ISSN (Print): 1872-2105
ISSN (Online): 2212-4020

Copper Metallization for Current Very Large Scale Integration

Author(s): Q. Jiang, Y. F. Zhu and M. Zhao

Volume 5, Issue 2, 2011

Page: [106 - 137] Pages: 32

DOI: 10.2174/187221011795909152

Price: $65

Abstract

As silicon technology scaling progresses to the 32 nm node or even further, the design on the propagation of electromagnetic signals becomes increasingly appealing due to their unyielding constraints on interconnect delay. Because of its high conductivity and electromigration resistance, Cu is now the interconnect materials in current VLSI. To ensure the signal propagation via the Cu interconnects upon the increasingly reduction in the interconnect width, related issues on Cu interconnects, such as electron scattering at surfaces and grain boundaries, electromigration failure and surface oxidation, still need to be further understood and addressed. Besides this, the performance of low-k dielectrics and reliable barrier structures, which are also much important among the device parts, are required to be further improved to minimize the signal delay and to prevent penetration of different materials, respectively.

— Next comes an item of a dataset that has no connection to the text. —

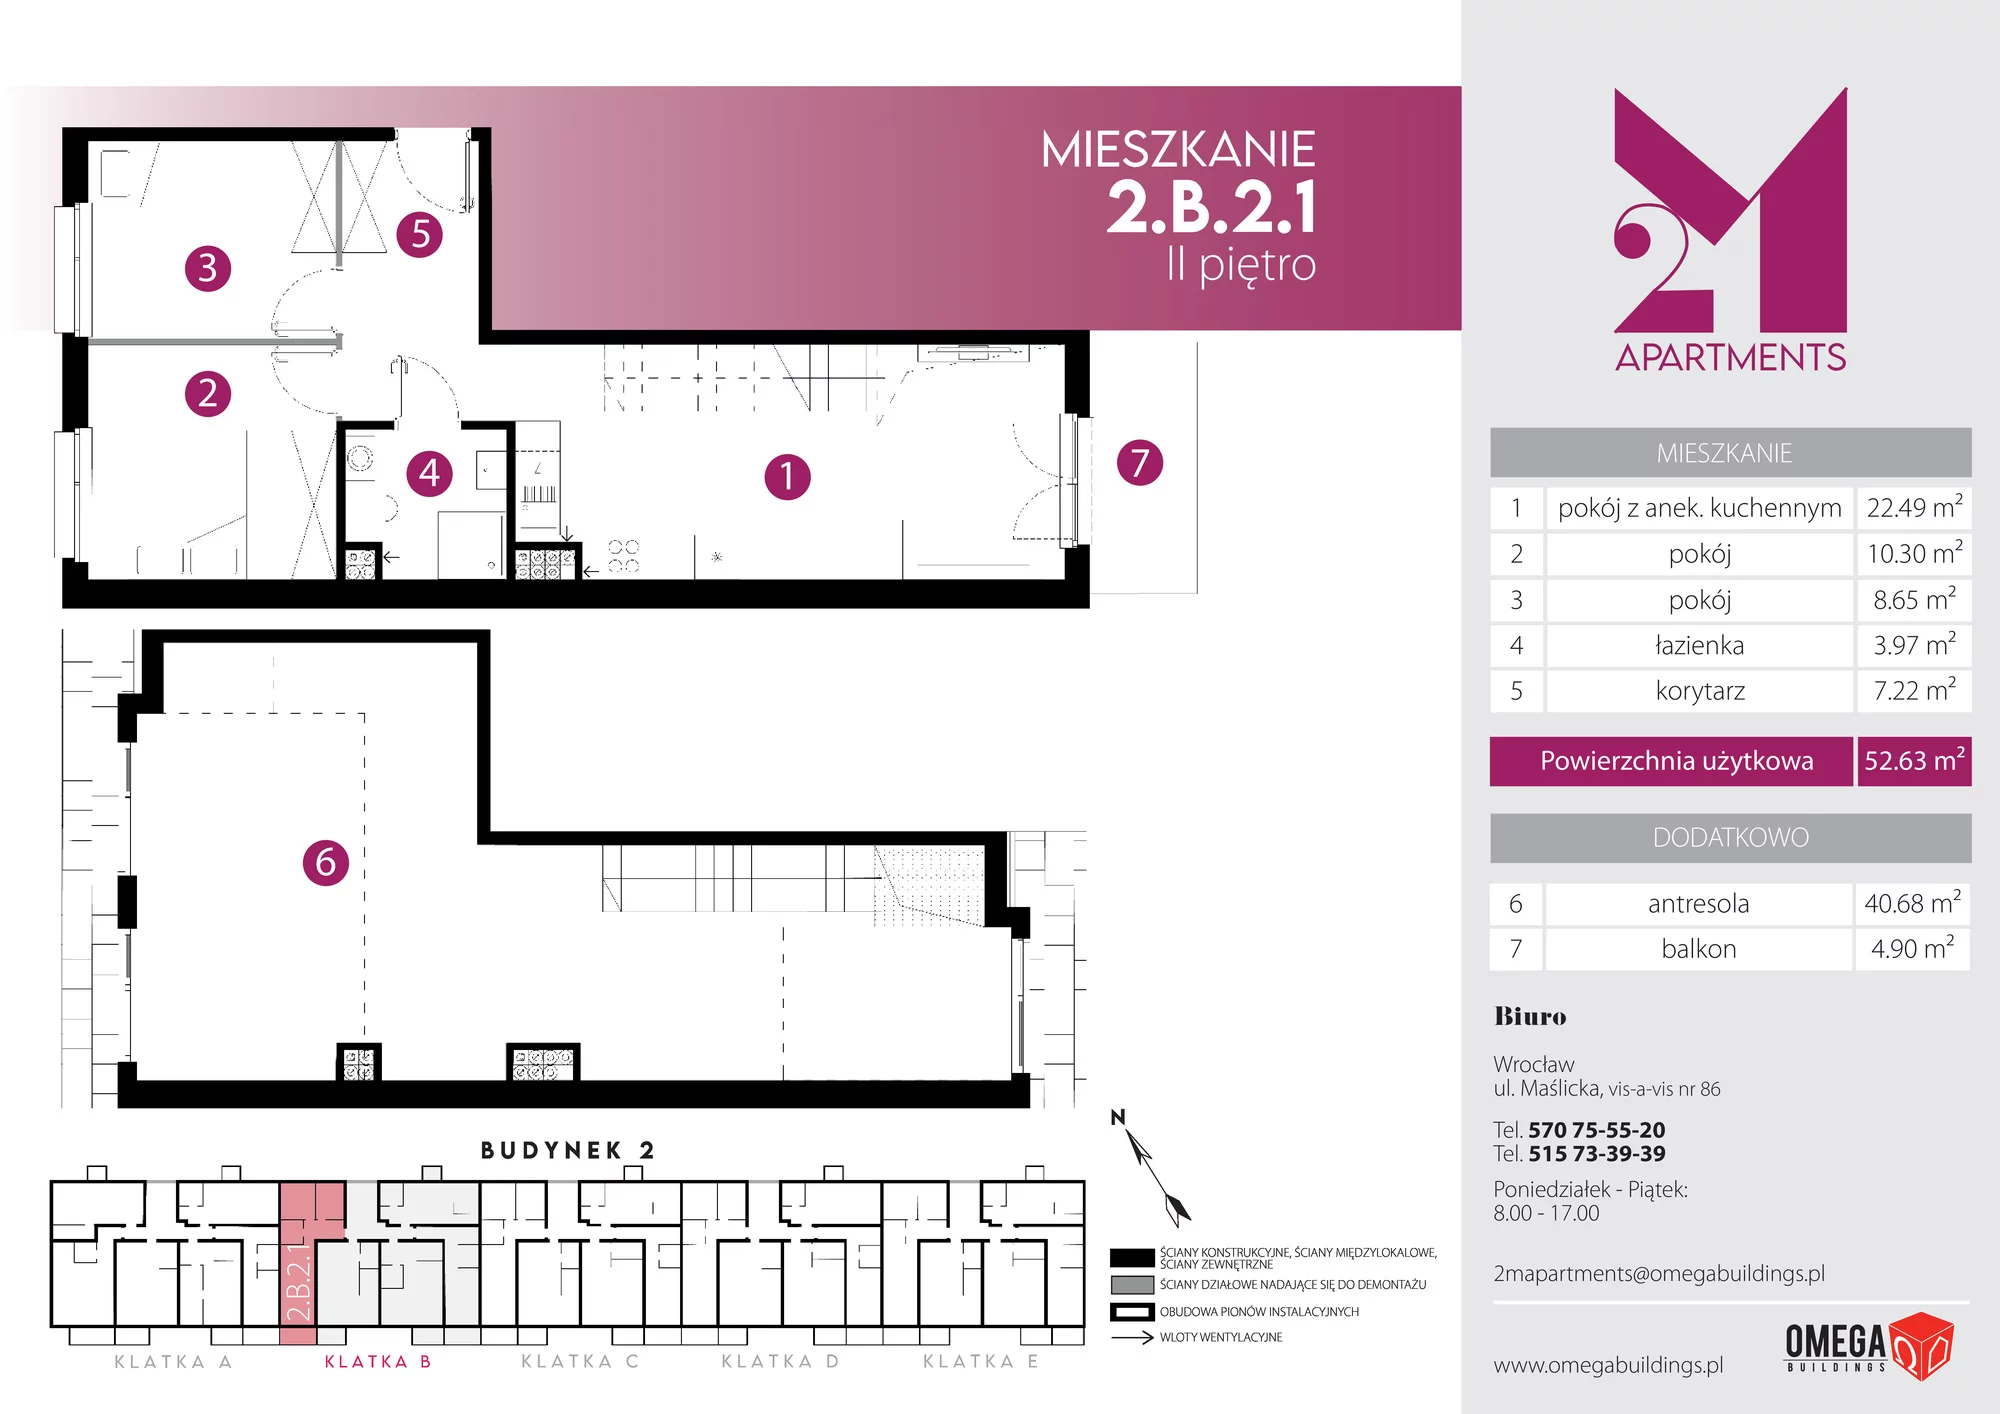 Mieszkanie 93,31 m², piętro 2, oferta nr 2.B.2.1, 2M Apartments, Wrocław, Maślice, Fabryczna, ul. Zawidowska

On the basis of the paper published at Recent Patents on Nanotechnology 2007;1:193-209, this review will focus on recent patents and some studies on Cu metallization including Cu interconnect wires, low-k dielectrics and related barrier materials as well as manufacturing techniques in VLSI, which are one of the most essential concerns in microelectronic industry and decide further development of VLSI. This review will benefit for the design of the Cu metallization in the current VLSI.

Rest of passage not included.